Chazz sah dem Jüngeren ins Gesicht. >>Ich sagte, zeig es mir. Tu es doch einfach.<< Er legte seine Finger an die Lippen des Braunhaariges. >>Sag nichts.<<
Jaden nickte leicht, richtete die Augen in die dunklen Seen ihm nur wenige Zentimeter entfernt. Sofort entstand eine Art Sog, und ohne es Beschreiben zu können wusste Jaden, was er jetzt wollte. Er wollte Chazz spüren, nah spüren.
Er hob die Hand und strich dem Schwarzhaarigen sanft über die Wange, über die weiche, blasse Haut. Jaden hob den Kopf leicht an, Chazz senkte seinen ein bisschen, ein letzter Blick, das Einverständnis geben, und ihre Lippen berührten sich. Zunächst ganz scheu, dann immer öfter, fordernder. Chazz ließ seine Hand über Jadens Brust wandern, über das dunkle Shirt, und Jaden unterbrach den Kontakt für drei Sekunden, um den Schwarzhaarigen nochmal anzusehen. Was beide in diesem Moment spürten, blieb in ihnen, und nur in ihnen. In ihren Herzen, die in diesem Gefühl wirklich nur für den anderen schlugen. Ihre Lippen vereinten sich wieder, und Chazz fuhr über Jadens Schultern, um ihn von seiner Jacke zu befreien. Er fuhr mit den Fingerspitzen über die Halsbeuge des Kleineren, der etwas zusammen zuckte und den Bund ihrer Lippen löste. >>Das kitzelt.<<, flüsterte Jaden grinsend. >>Sollte es auch.<<, neckte Chazz, und drückte Jaden sanft nach hinten, sodass er auf dem Braunhaarigen lag. Er begann seinen Hals zu küssen, jedes Stück der weichen, leicht gebräunten Haut zu spüren, zu schmecken, zu fühlen. Jaden wisperte ihm etwas ins Ohr, und strich über den Rücken des Größeren. Dieser ließ von dem Hals Jadens ab, und fuhr langsam unter das schwarze Shirt. Er schob es immer weiter hoch, und begann den Bauch von Jaden sanft zu küssen.
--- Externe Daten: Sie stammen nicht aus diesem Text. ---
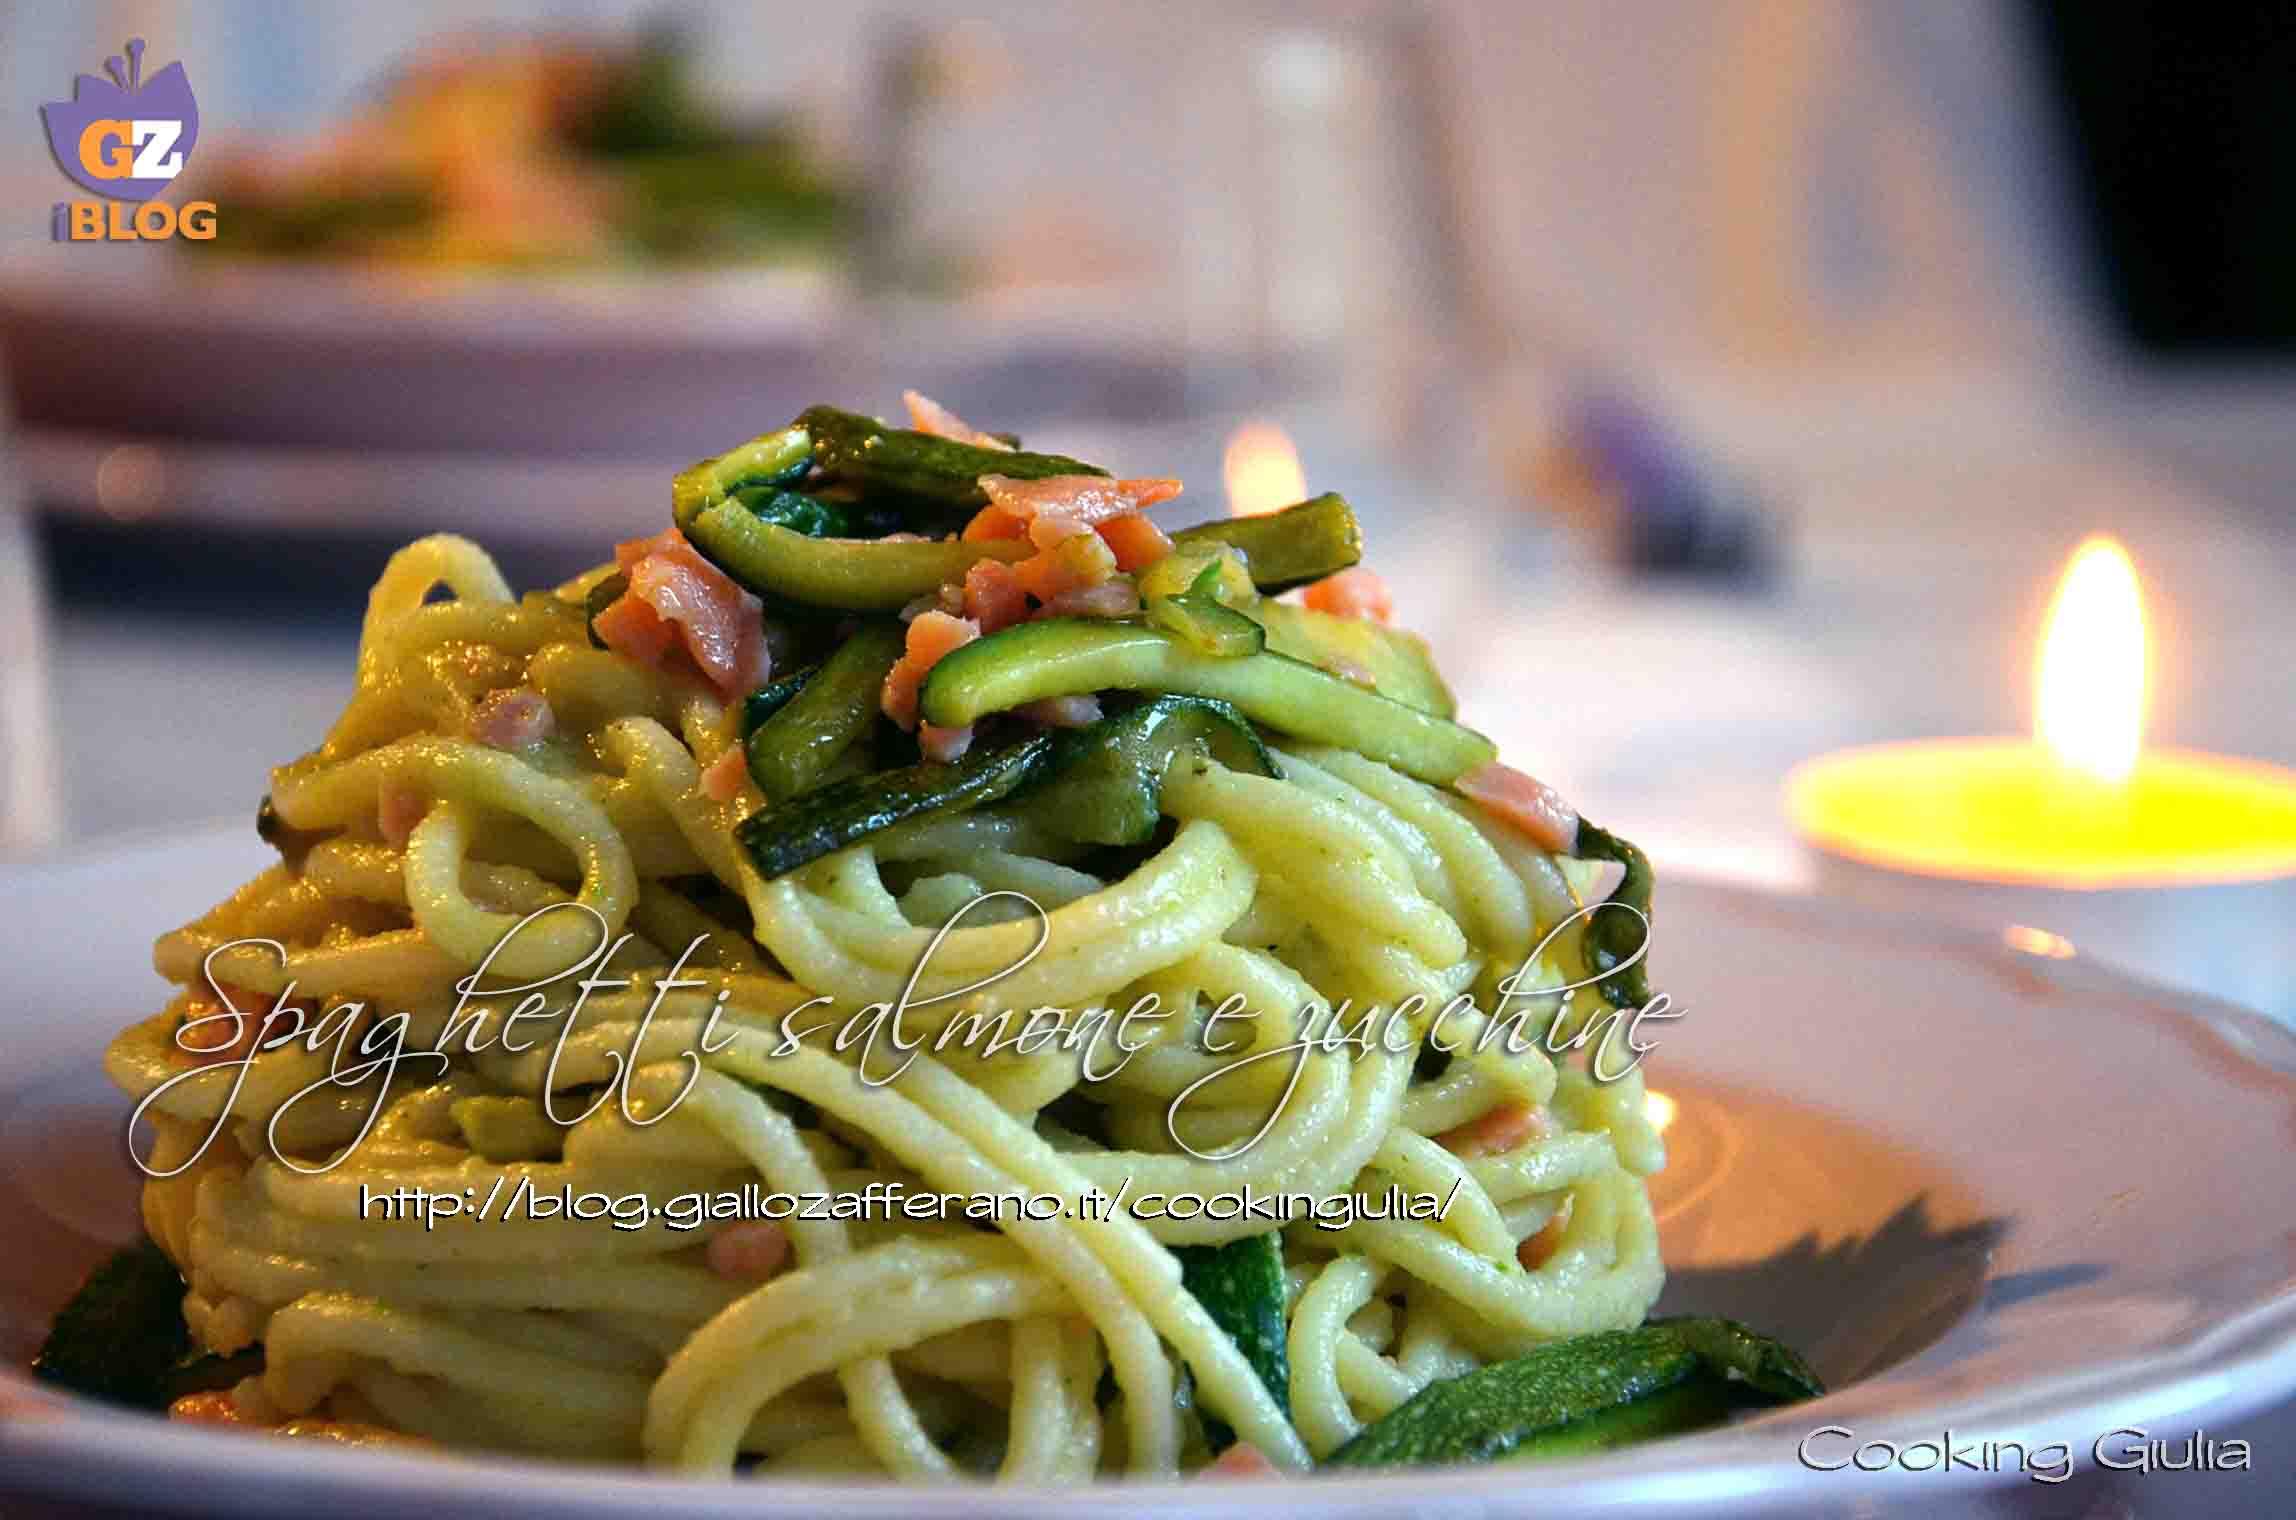 salmone e zucchine, salmone, zucchine, pasta, spaghetti, cooking giulia, salmone affumicato

Jaden kicherte vergnügt. >>Ist ja nicht zum aushalten!<<, lachte er. >>Oh<<, unterbrach Chazz seine Liebkosungen, >>Das wird noch viel schlimmer.<< Beide grinsten sich an, Jaden zog Chazz Kopf an sich heran und küsste ihn wieder. Er strich mit der Zunge über die Lippen des Schwarzhaarigen, schmeckte die leichte Süße an Chazz‘ Haut. Nachdem er noch ein weiteres Mal um Einlass bat, öffnete Chazz leicht die Lippen, und ihre beiden Zungen kosteten von einander, spielten miteinander, und schließlich entbrannte ein sehr spielerischer Kampf, und Jaden fing plötzlich an zu kichern. Chazz unterbrach den Kuss. >>Was hast du?<<
>>Nichts<<, kicherte Jaden und sah den Älteren mit verklärten Augen an. Chazz hatte das Gefühl, als ob Jaden nicht genau wusste, ob er gerade weinte oder lachte. Er wusste es auch nicht. Seine Augen zeichneten etwas wie Angst, sein Lächeln war unbezahlbar und zuckersüß. >>Was ist denn los?<<
>>Gar nichts...<< Jetzt fing Jaden an zu schluchzen. Sofort setzte sich Chazz auf, und ließ dem Kleineren somit Raum, dasselbe zu tun. >>Es ist nichts...<<
>>Du fängst doch nicht an zu weinen, wenn nichts ist?<<, fragte Chazz vorsichtig nach. Er konnte nicht wirklich einschätzen, was mit seinem Gegenüber los war. Jaden legte sein Gesicht in die Hände und atmete tief durch.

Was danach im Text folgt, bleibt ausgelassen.